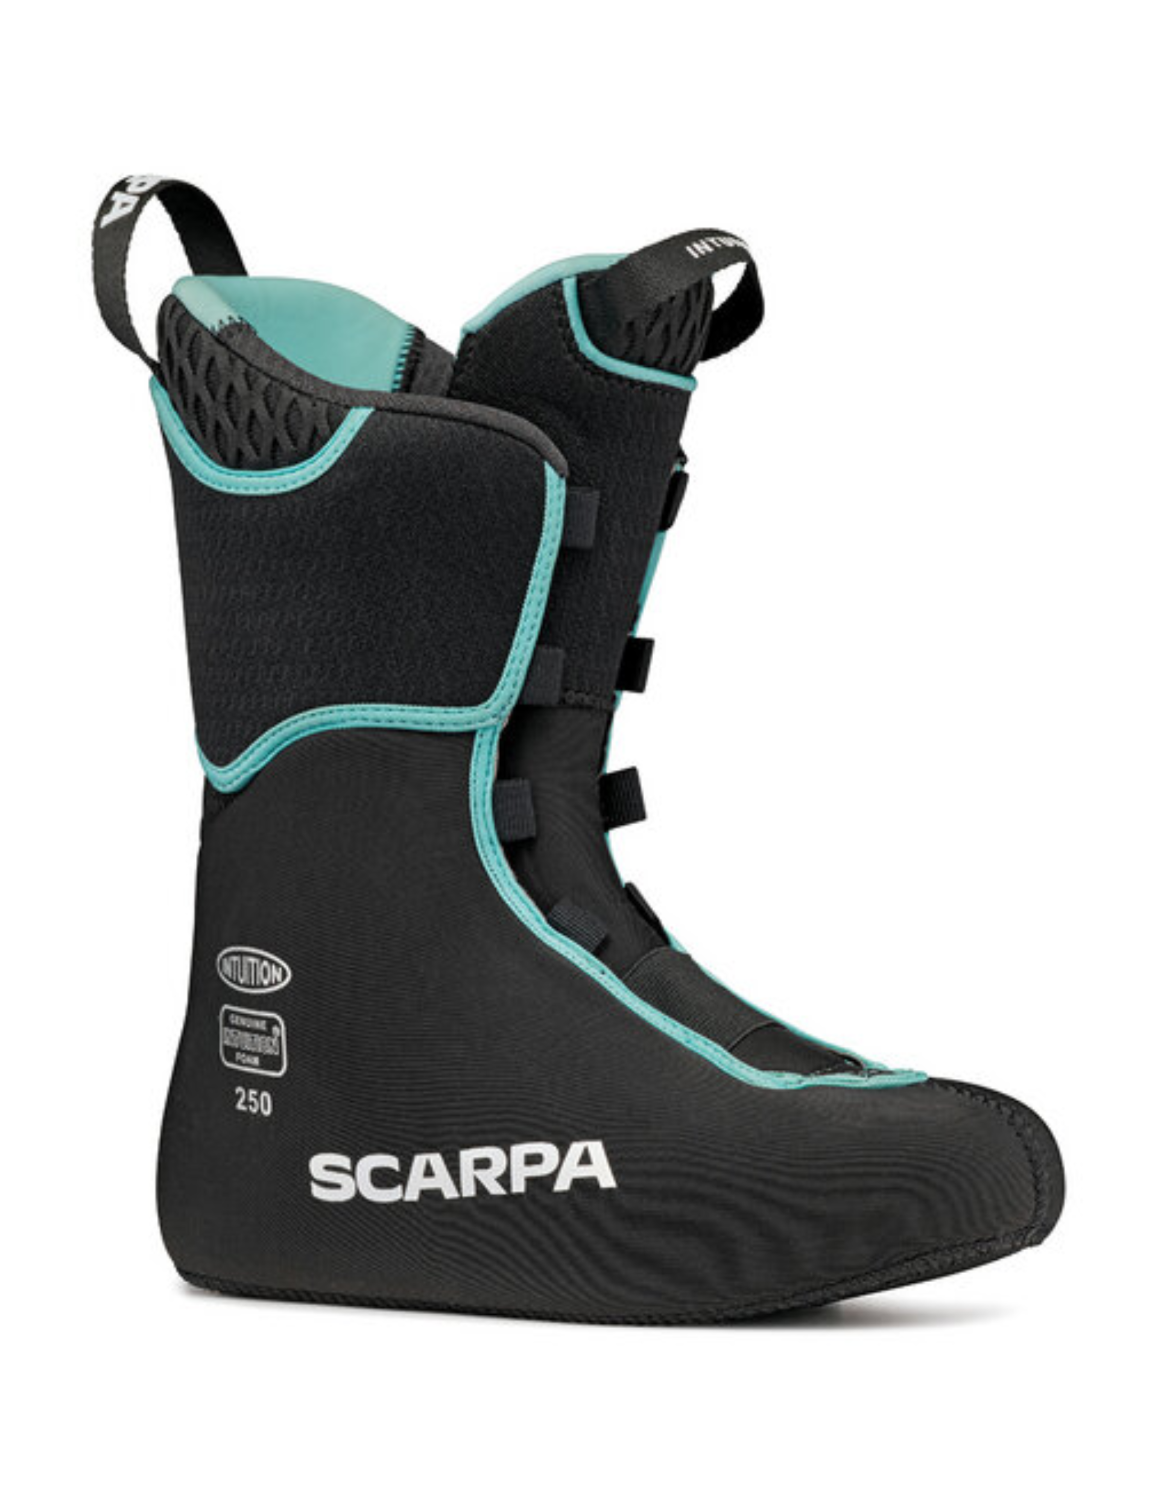 Chaussures de ski de randonnée SCARPA Gea pour femme : chausson grand confort
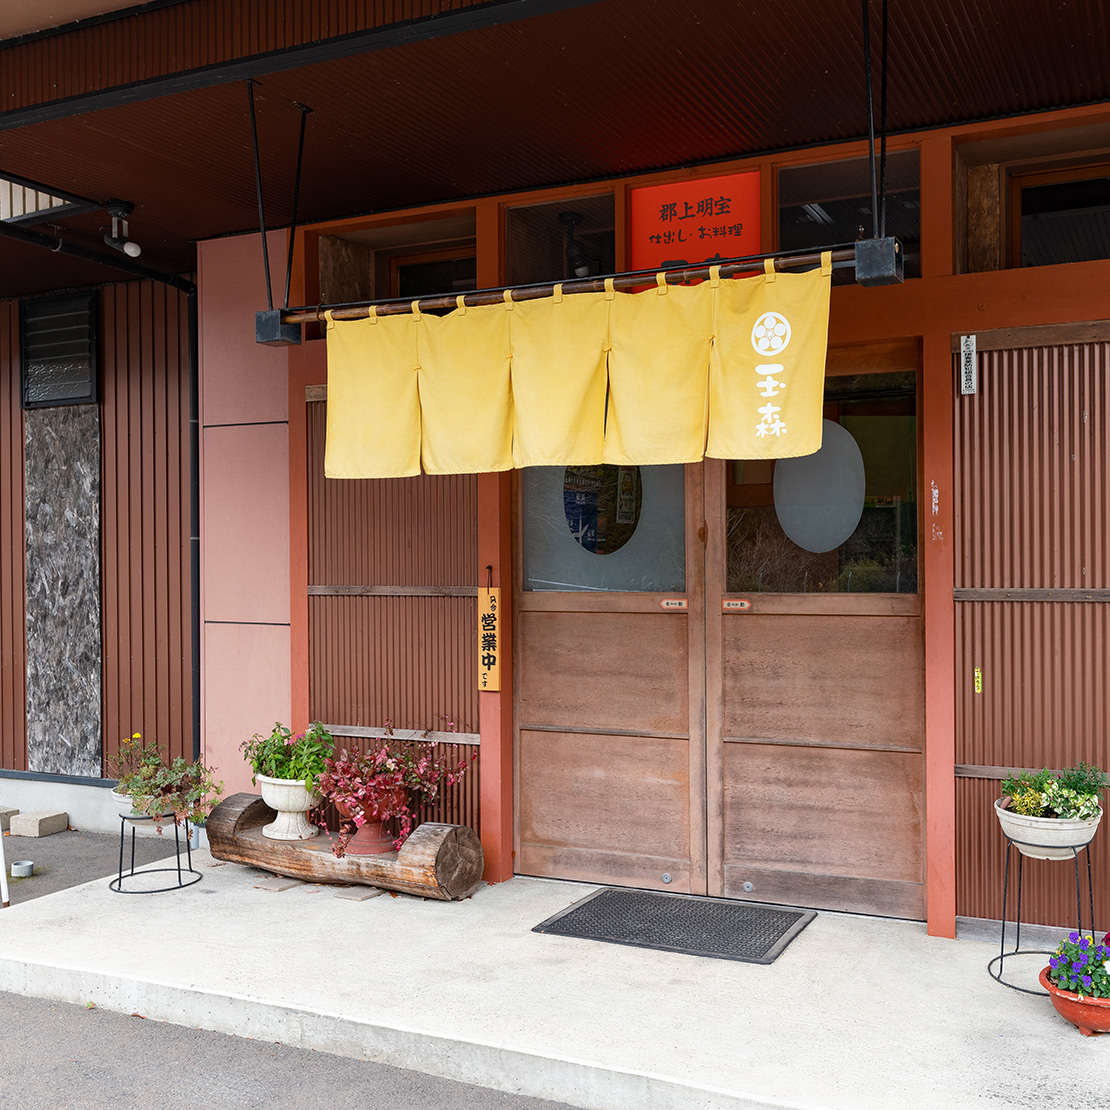 Meiho Restaurant Shidashi Tamamori
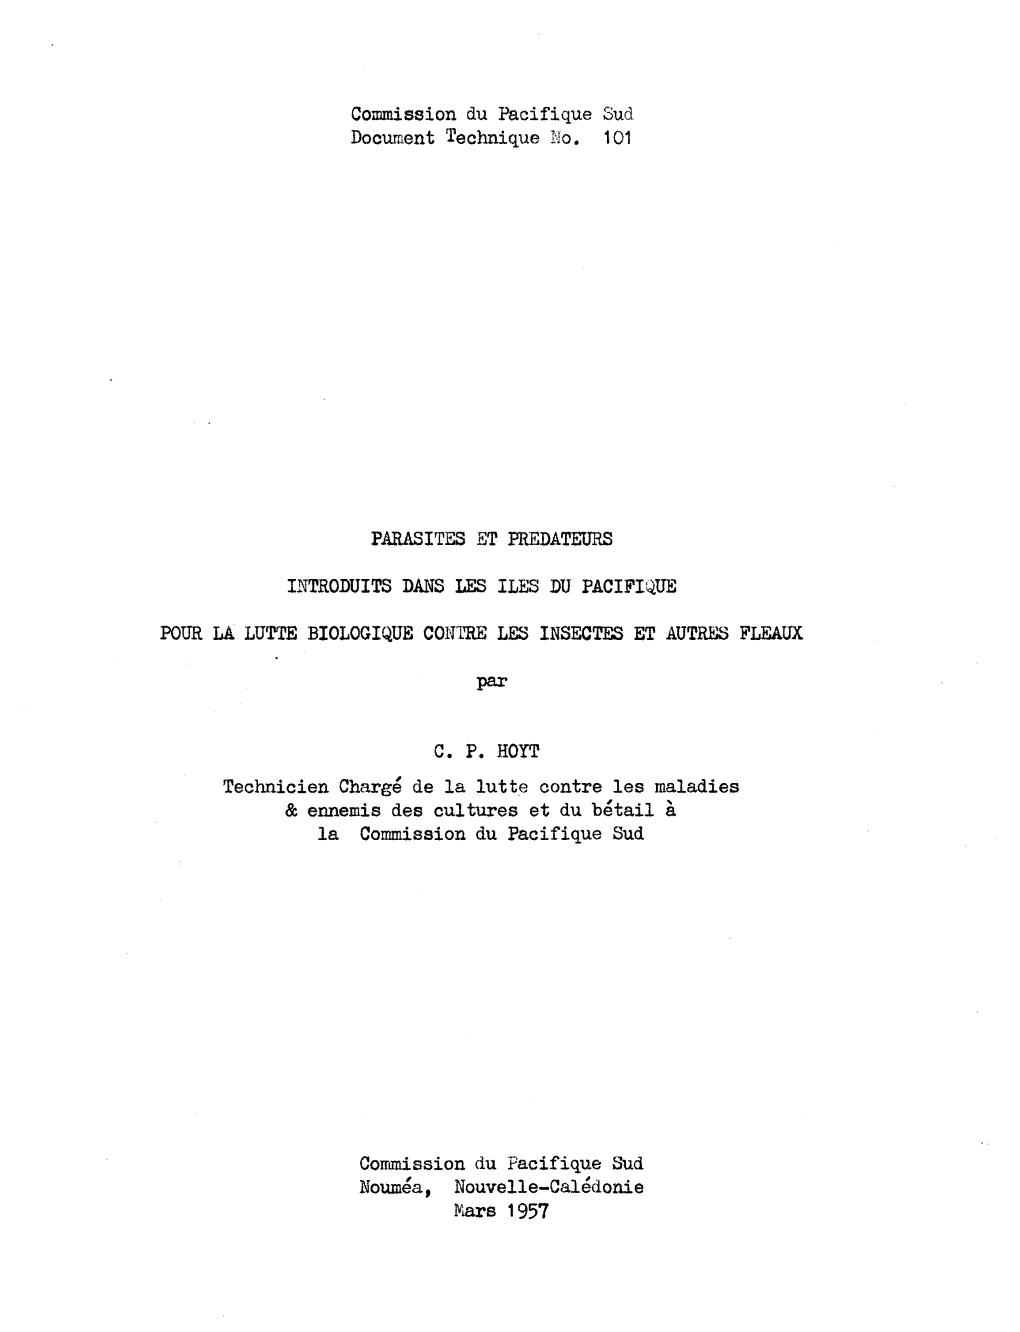 Commission Du Pacifique Sud Document Technique No. 101
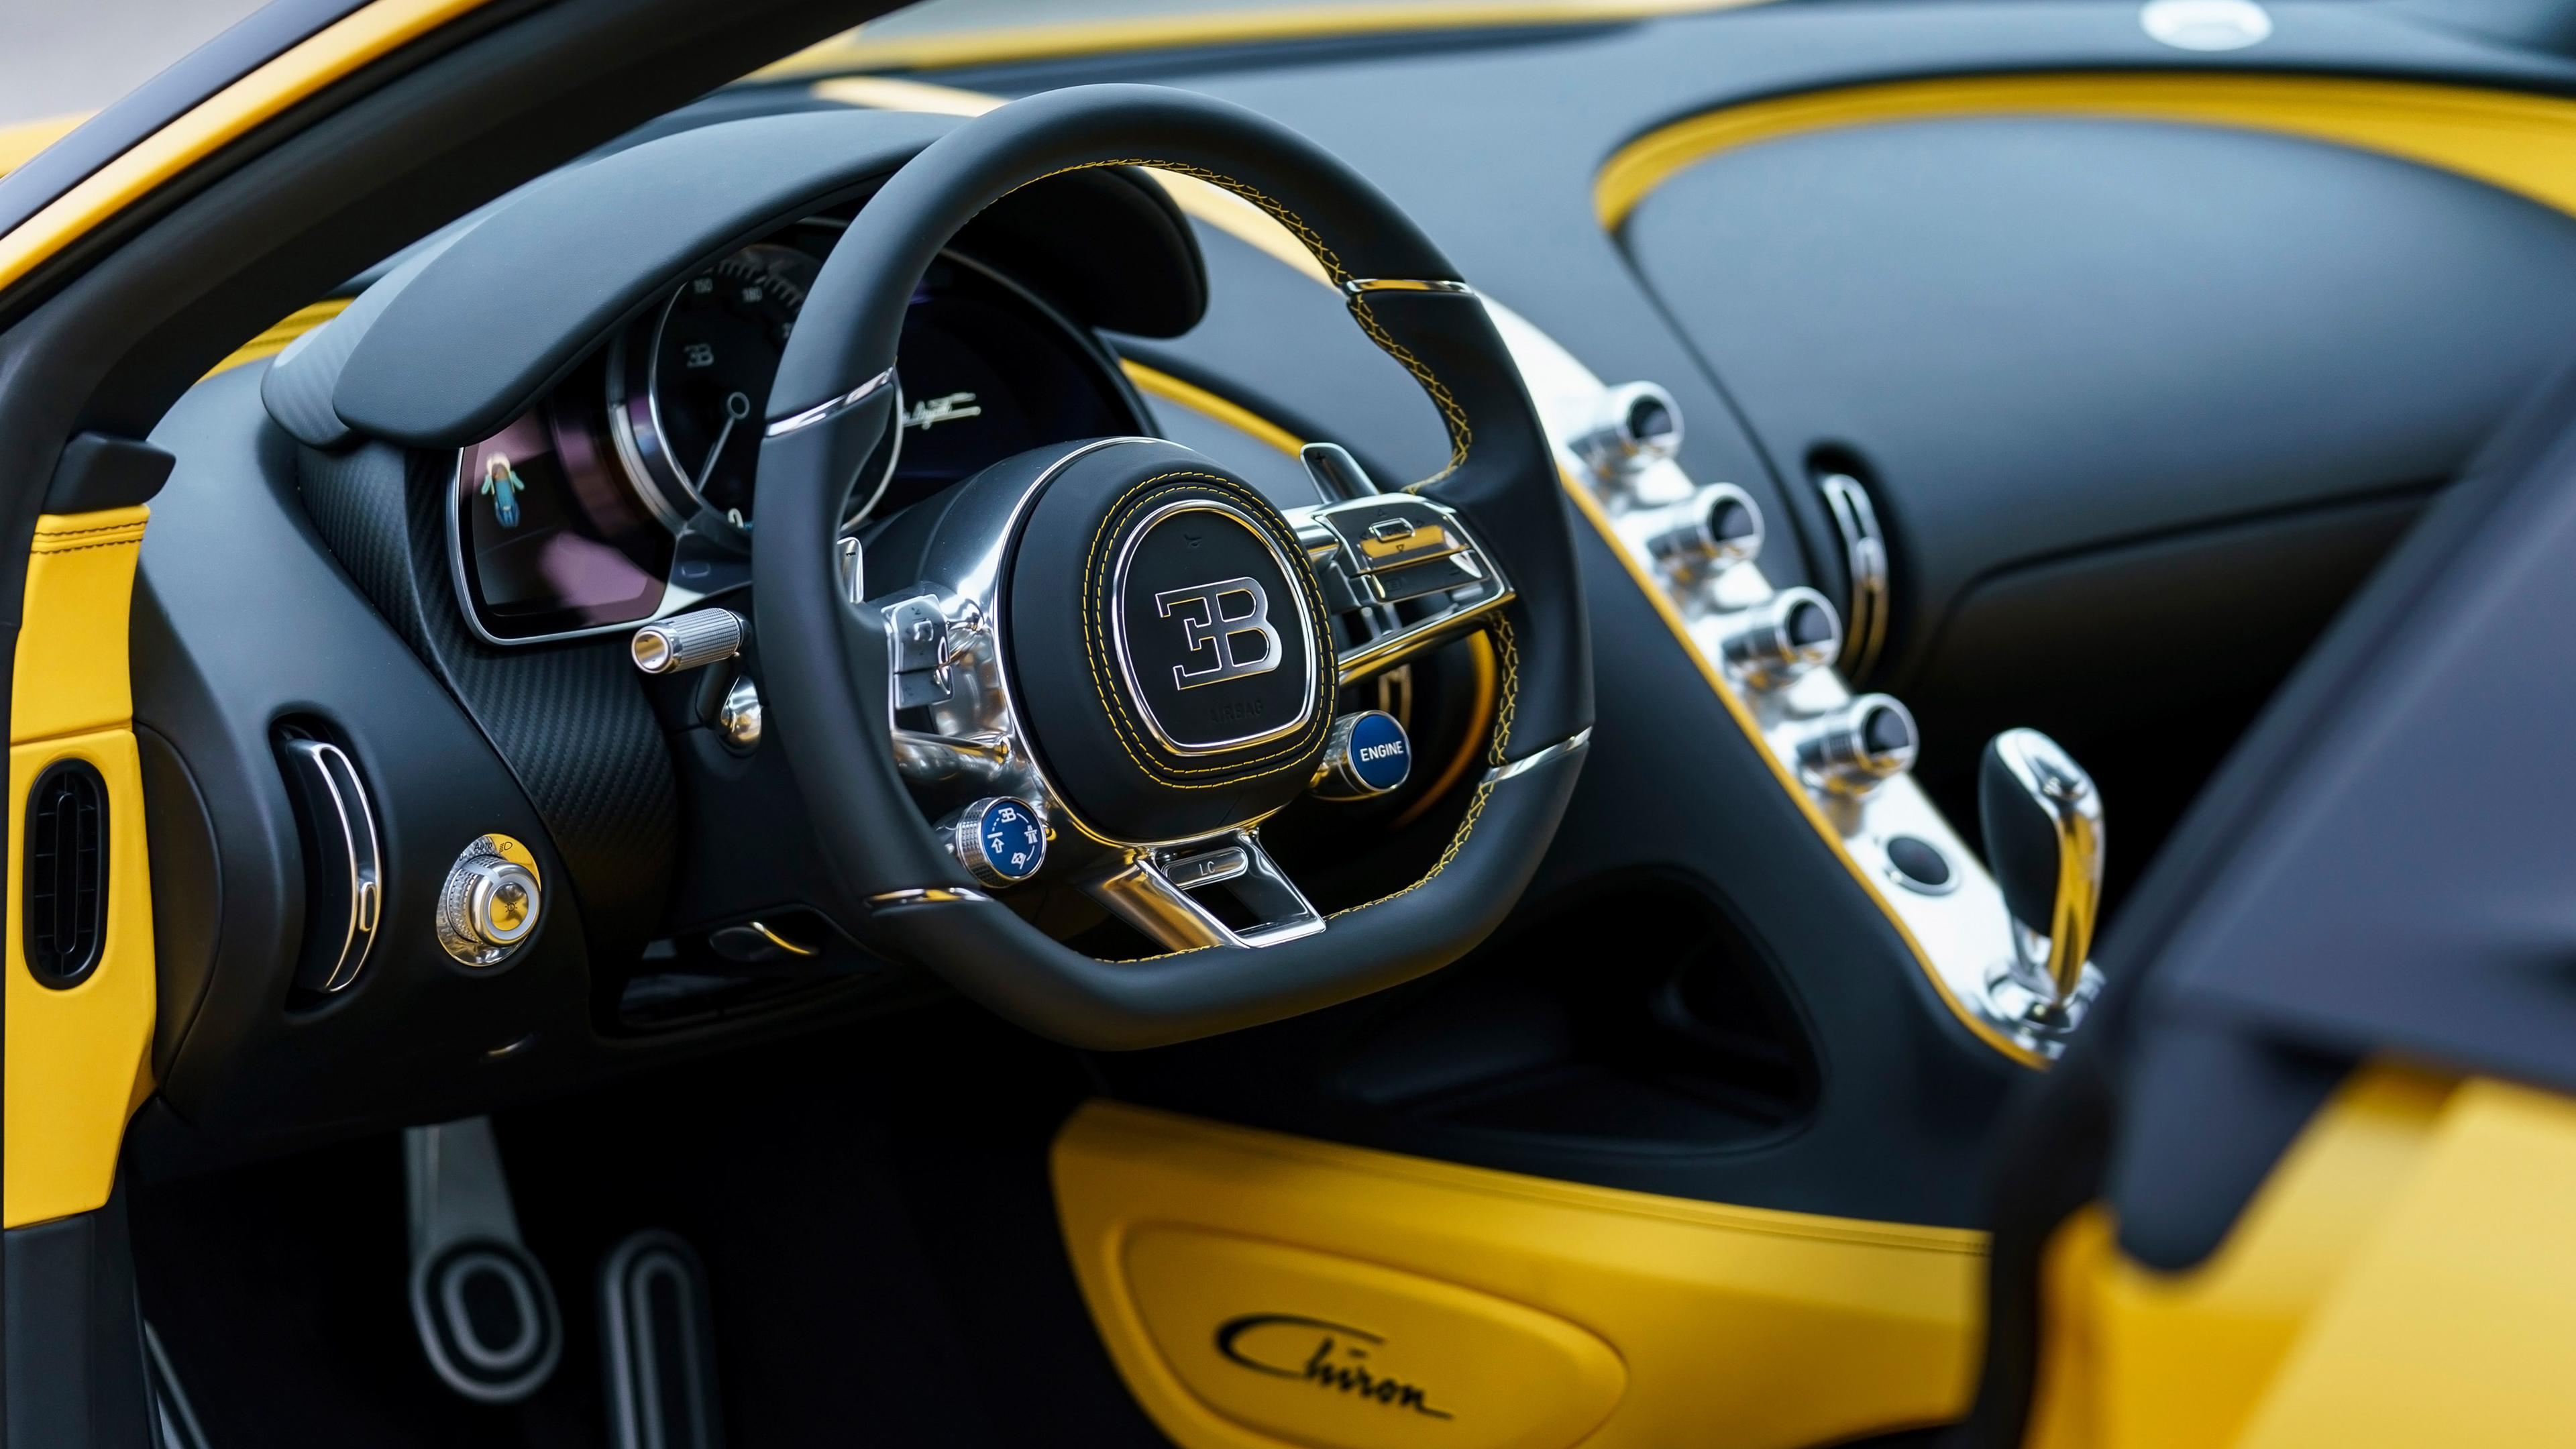 Bugatti Chiron Yellow and Black Interior Wallpaper. HD Car

══════════════════════════════

■ ABOUT THIS EXERCISE
Repeat verbatim all the material, but not the pictures.

■ SOLUTION
 Chaussures de ski de randonnée SCARPA Gea pour femme : chausson grand confort
 Meiho Restaurant Shidashi Tamamori
 Commission Du Pacifique Sud Document Technique No. 101
 Bugatti Chiron Yellow and Black Interior Wallpaper. HD Car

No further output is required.